ResetBox

Josip Medved Leave a comment

It all started with an itch to scratch. My modem occasionally misbehaves and needs a reboot. Unfortunately, I have it mounted way back in the 19″ rack and accessing it requires removing back panel. And no, I cannot easily unplug it’s connected to UPS and wires are all tucked in the back. What I needed was a button in one of rack spacers allowing for reboot of equipment in the back.

Since I couldn’t find something like this readily available, I decided to build it.

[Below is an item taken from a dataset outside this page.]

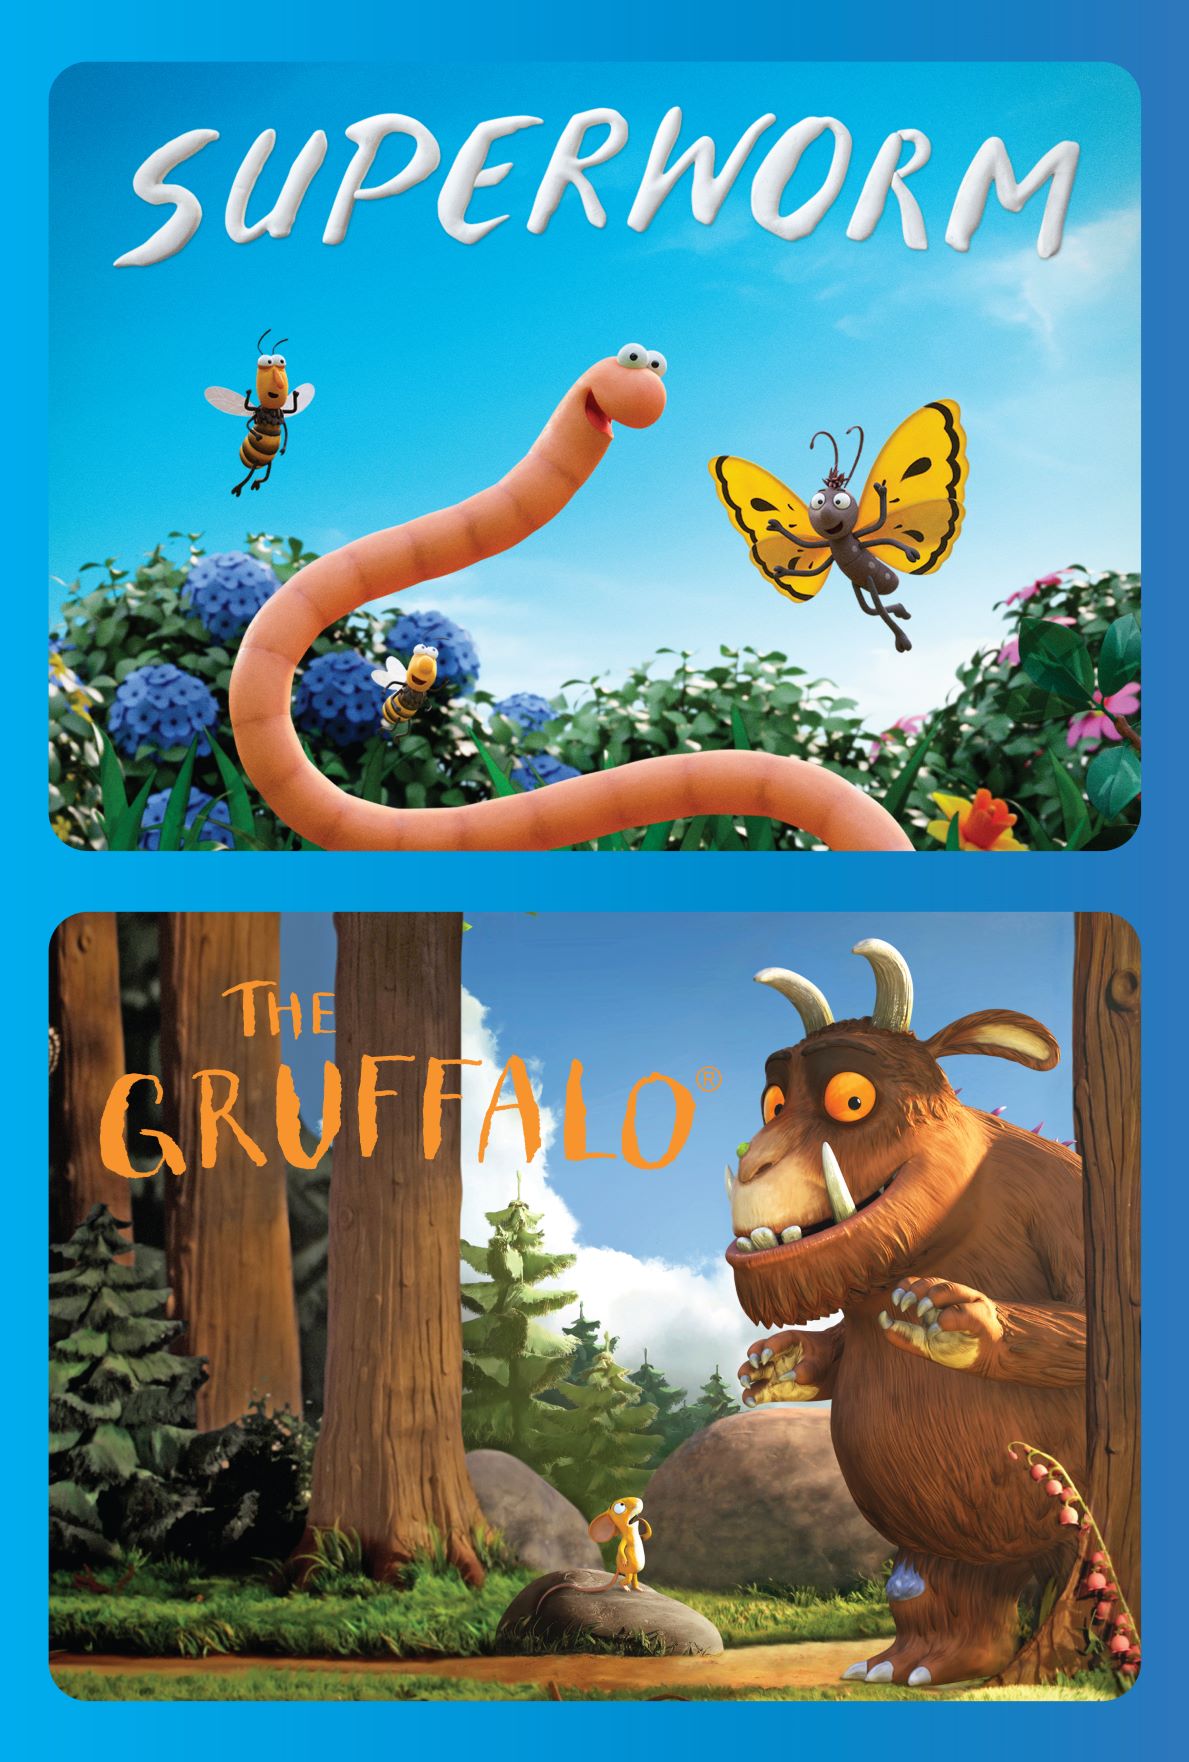 Superworm & The Gruffalo Poster

First I enumerated all the equipment I have. One modem (12 V), one NUC (19 V), and finally two wireless access points (48 V). I was at crossroads. As voltage range is quite wide I had to choose if I want to make device work of specific voltage (cheaper) or to have a single device covering all the bases (more expensive). While going cheaper was tempting, I decided to go with wide input after all. It meant I can design thing only once and use it later for some other project without having to check voltage rating each time.

This decision also made me select DC-DC converter module. Making my own wide range converter would be possible but getting it just right would take annoyingly long time and actual cost wouldn’t be much lower. Yes, at $5 R-78HE5.0-0.3 is not cheap but it’s simplicity is worth every penny. If I ever decided to produce this box in bigger quantities, this would probably be the first thing to go in order to lower expenses and simplify design.

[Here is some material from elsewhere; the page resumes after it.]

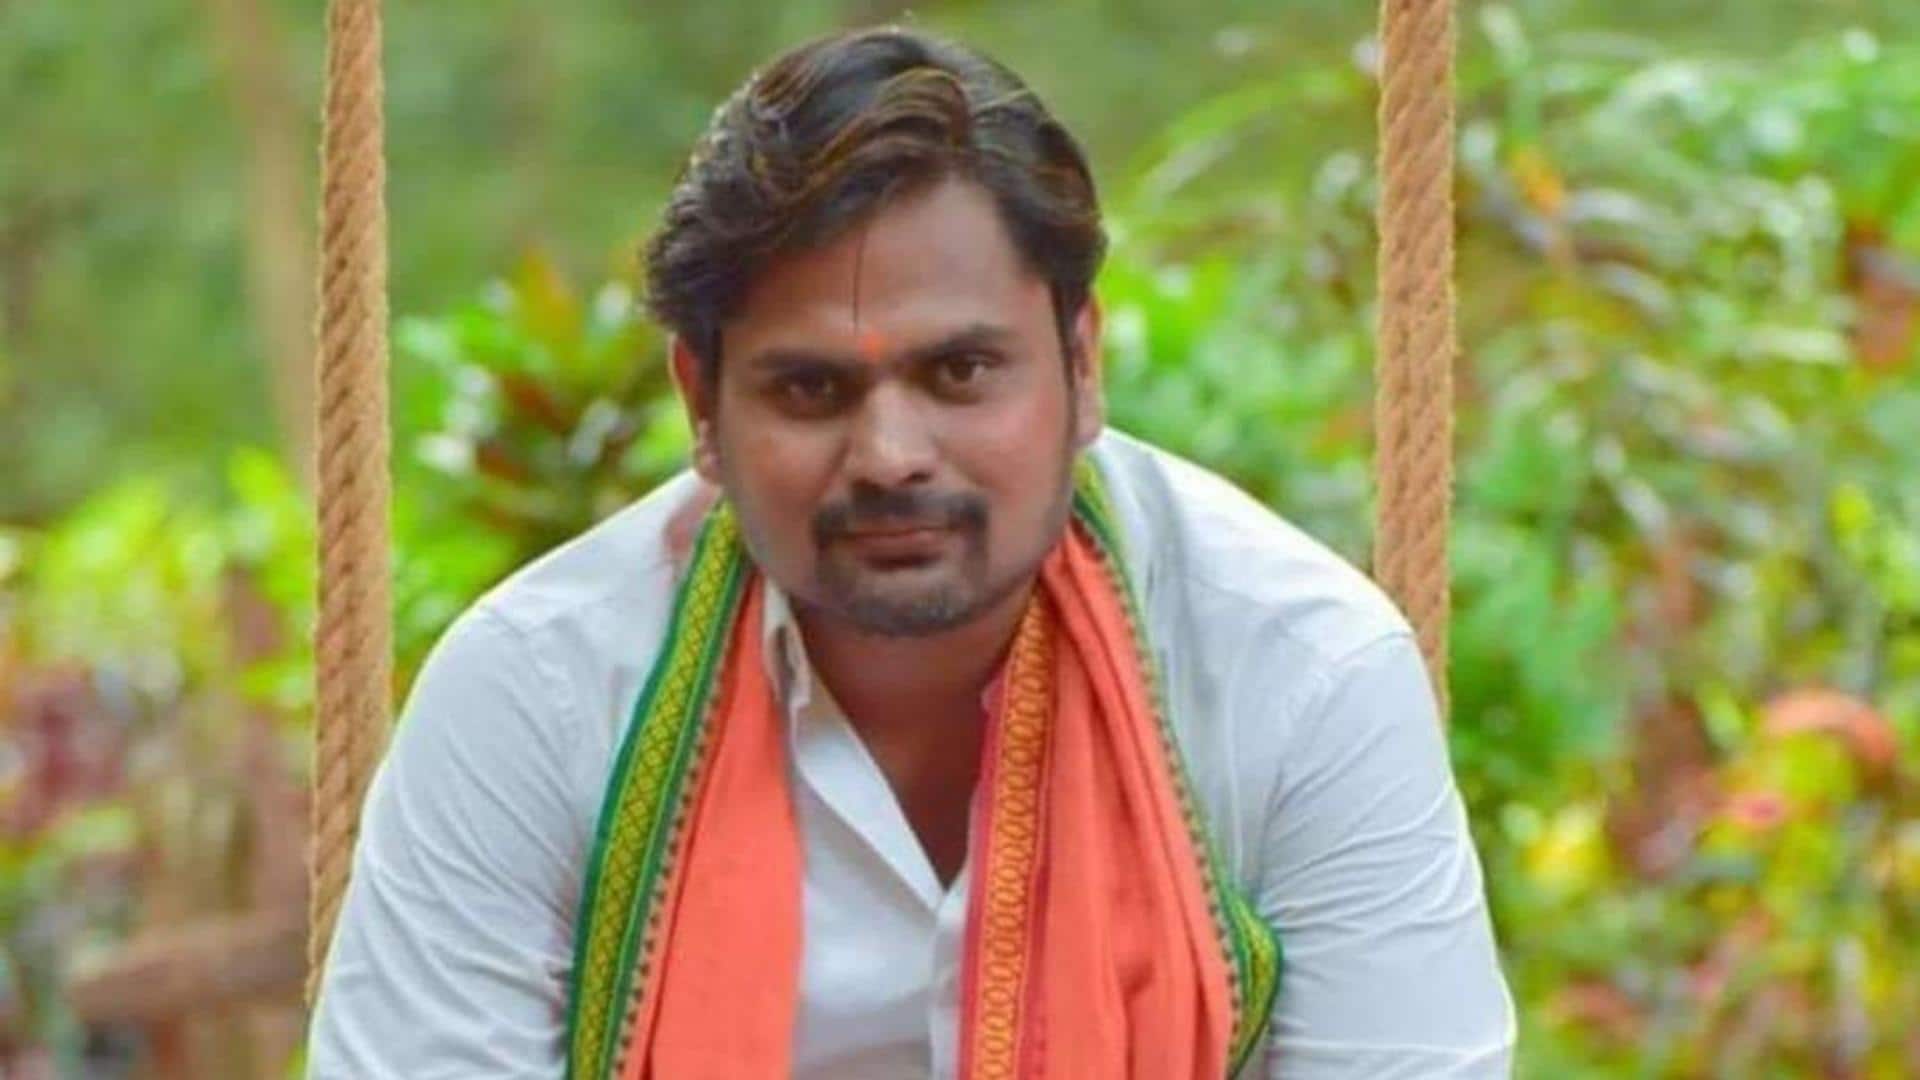 Karnataka: BJP's youth wing leader stabbed to death in Dharwad

While not necessarily mandatory, I also opted to include EMC filter for DC-DC converter. Considering low currents it’s probably an overkill but I really didn’t want to find out later that I’m spraying too much noise around my rack. Design improvement would be to either remove filter all together (probably possible due to low current requirements) or make it much simpler and hopefully omitting SMD inductor. I hate to solder that stuff.

It took me a while to find a button as I wanted momentary switch with LED (excellent for giving status) and it had to look nice in rack. I finally found Adafruit’s S 560. This button is awesome in person.

To connect button, I selected JST S3B-XH. I needed the minimum of three wires (GND, LED, and switch input) and I already had bunch of premade cables made in the course of another project. If I had only this project to worry about, I would probably select 4-wire connector as it would make soldering a bit easier. Not it’s too hard now – just wire GND to both LED and NC input and you’re golden.

Voltage connector choice was extremely easy as literally all devices I wanted to control already used barrel connector. Since 2.1 mm barrel had became a defacto standard for network cameras, this also meant I could count on connecting it all with factory cables making the whole setup a bit nicer.

Speaking of which, I mulled long time about whether I should support only barrel setup with positive voltage on tip and negative voltage on sleeve or the inverse one too. All network devices I ever owned have positive tip. However, I decided to allow negative tip setup to. I am 95% sure this was completely unnecessary precaution but at least I don’t need to worry about it.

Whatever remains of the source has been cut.